デューデリジェンスでは、1級管工事施工管理技士や1級電気工事施工管理技士といった国家資格保有者の人数だけでなく、それぞれの実務経験年数、担当してきた工事の規模や種類を把握することが重要です。特定の工法に精通したベテラン技術者の存在は、企業の競争力を示す大きな強みとなります。

また、キーパーソンとなる技術者の年齢構成や、M&Aを機とした離職リスクも慎重に評価しなくてはなりません。買収後の待遇や役割について丁寧にコミュニケーションを取り、円滑な引き継ぎと定着を促す計画を事前に策定することが、M&Aを成功に導く鍵となります。

ポイント②:工事実績と安定した顧客基盤

譲渡対象企業の収益安定性や将来性を見極める上で、工事実績の構成と顧客基盤の確認は不可欠です。官公庁工事と民間工事のどちらを主軸としているかによって、事業の特性や評価すべきポイントが異なります。

官公庁工事がメインの場合、経営事項審査の評点や入札参加資格のランク、過去の受注実績が安定性の指標となります。一方で、民間工事を中心に手掛けている場合は、特定の元請けゼネコンや発注主との関係性が重要です。

いずれの場合も、特定の顧客への依存度が高すぎないか、取引先は十分に分散されているかを確認する必要があります。デューデリジェンスの際には、過去数年間の顧客別売上高や利益率の推移を分析し、特定の取引先の動向に業績が過度に左右されるリスクがないかを慎重に見極めましょう。

ポイント③:未成工事の採算性と偶発債務リスク

設備工事業のM&Aでは、財務諸表に直接現れないリスクを洗い出すことが極めて重要です。特に、クロージング時点で進行中である「未成工事」の採算性については、個別の案件ごとに詳細なデューデリジェンスが求められます。

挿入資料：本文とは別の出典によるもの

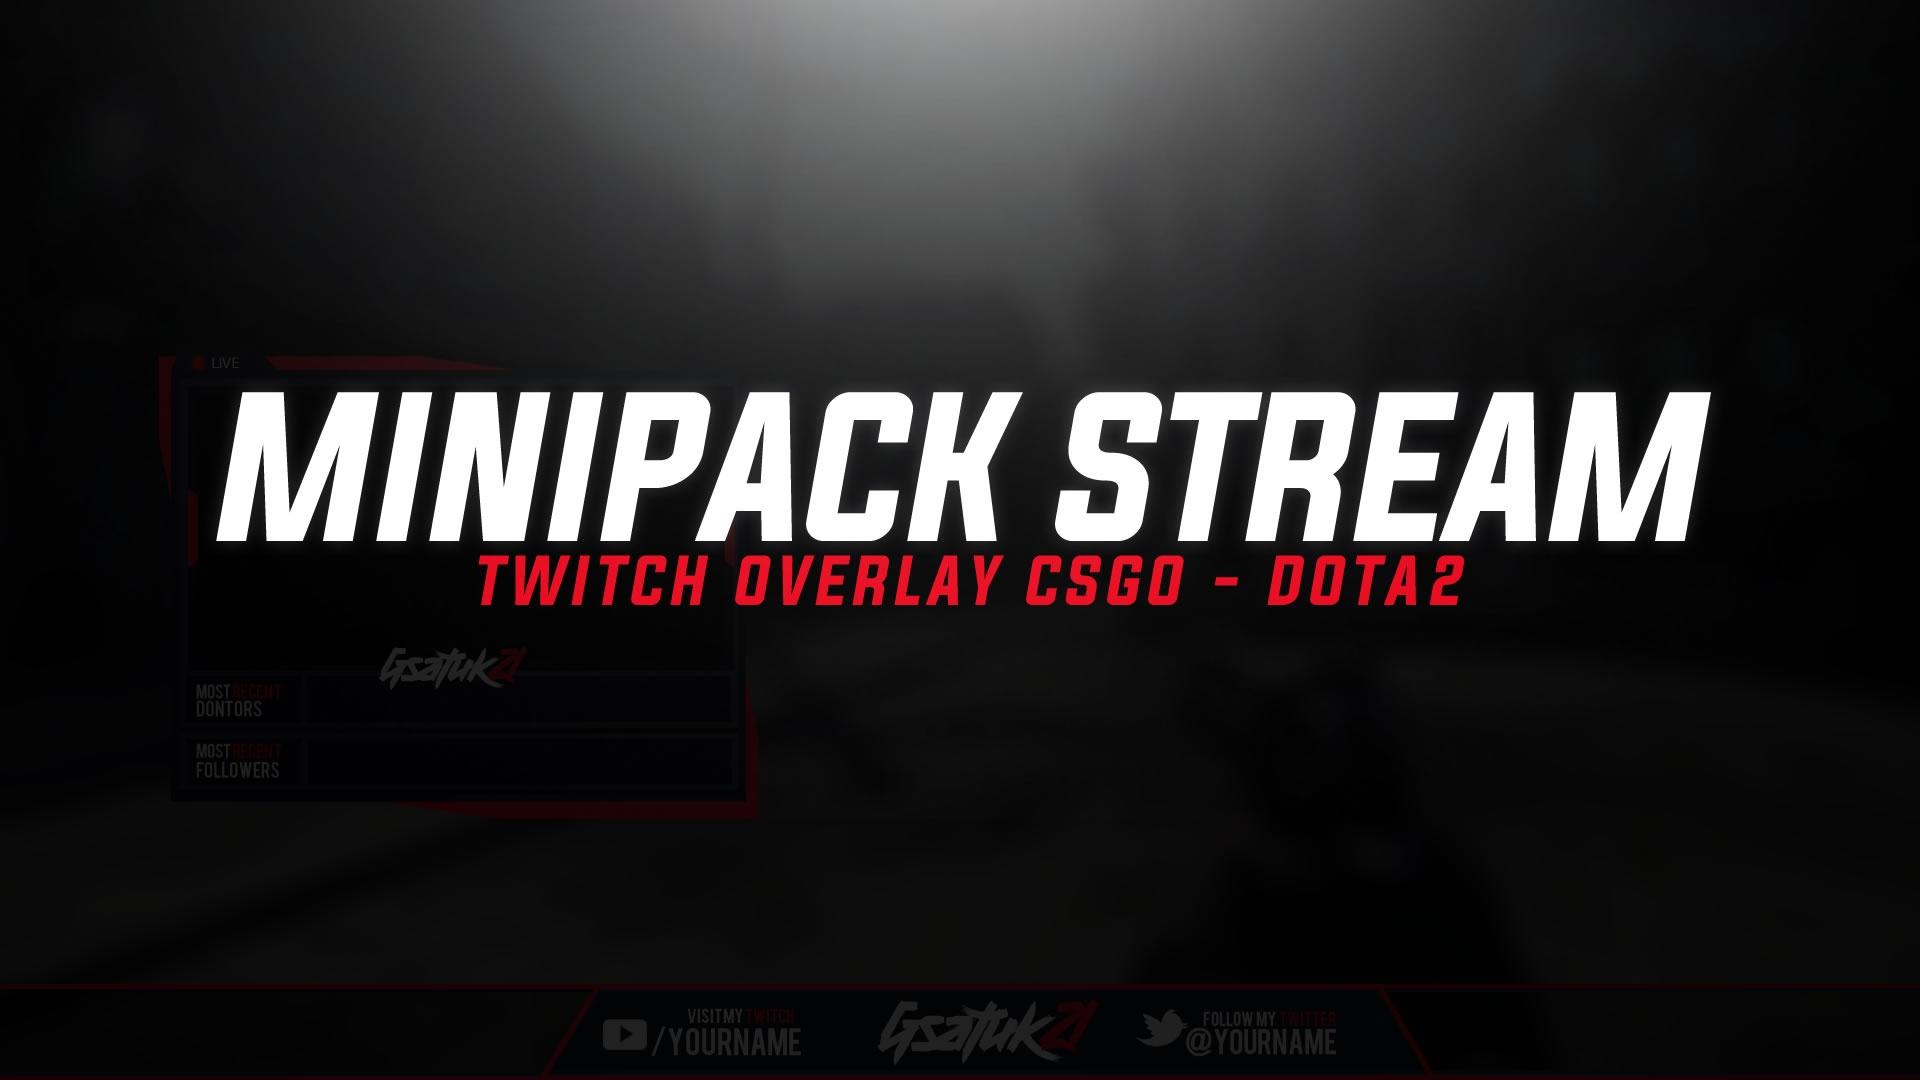 minipack stream twitch overlay csgo and dota 2 nit
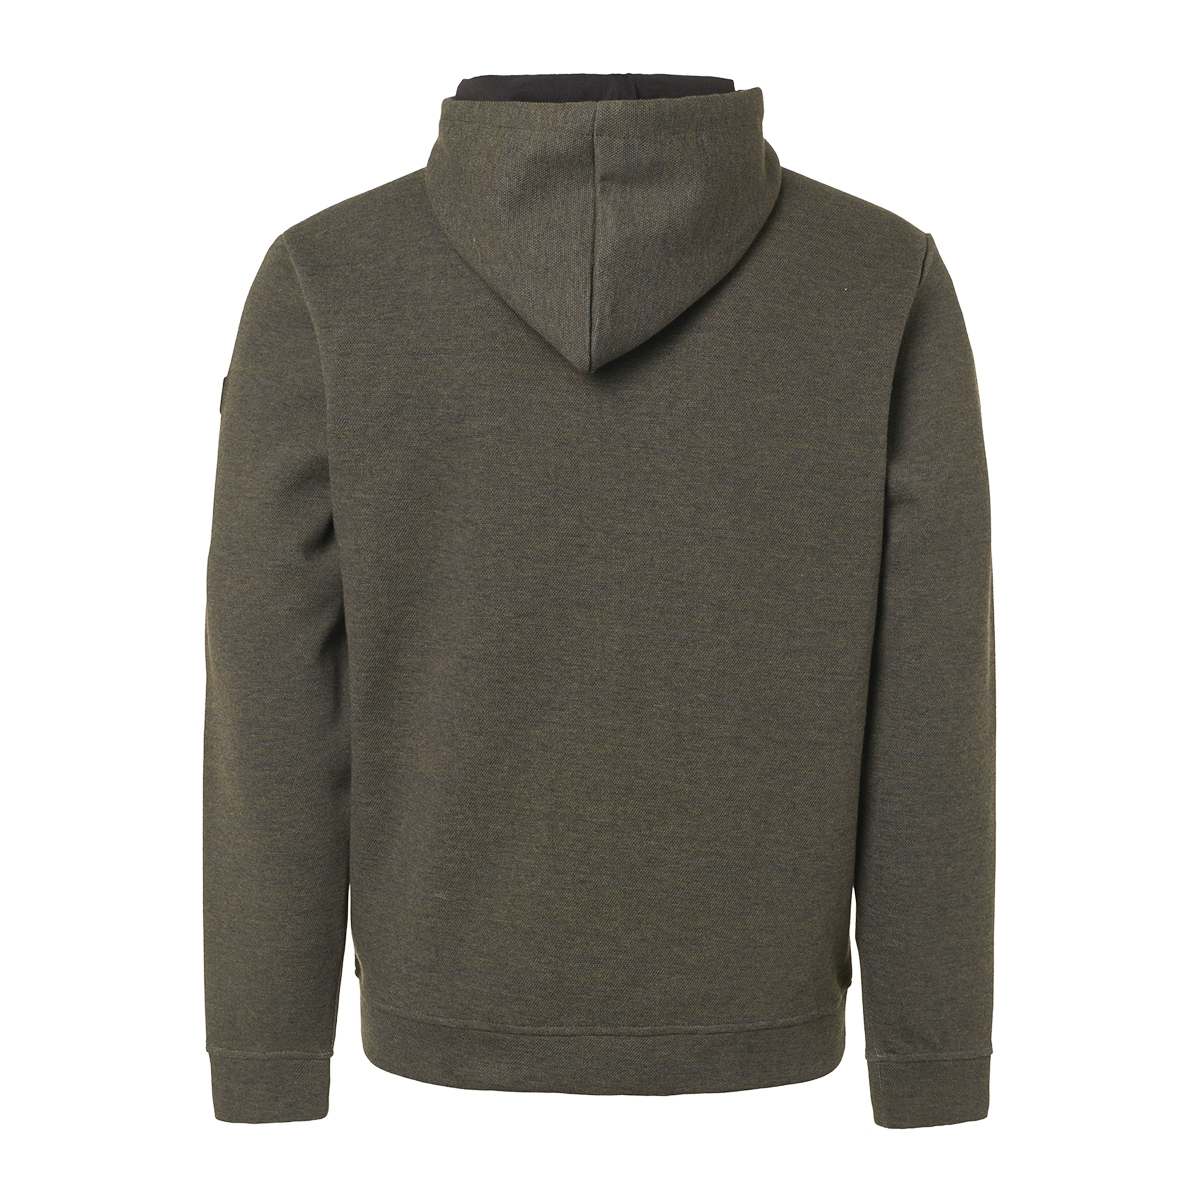 full zip hooded cardigan 92100929 no-excess vest 059

各工事の進捗状況、実行予算と実績の乖離、追加費用の発生可能性などを精査し、不採算工事が潜んでいないかを確認します。現場責任者へのヒアリングを通じて、潜在的なトラブルや課題を把握することも不可欠です。

また、工事完了後の瑕疵担保責任(契約不適合責任)は、将来的に損失が発生する偶発債務リスクとなります。過去の工事におけるクレームや訴訟の有無、品質管理体制、加入している賠償責任保険の内容などを確認し、M&Aの最終契約書において表明保証や補償条項を適切に設定することが、買収後の予期せぬ損失を防ぐ上で必須の対応です。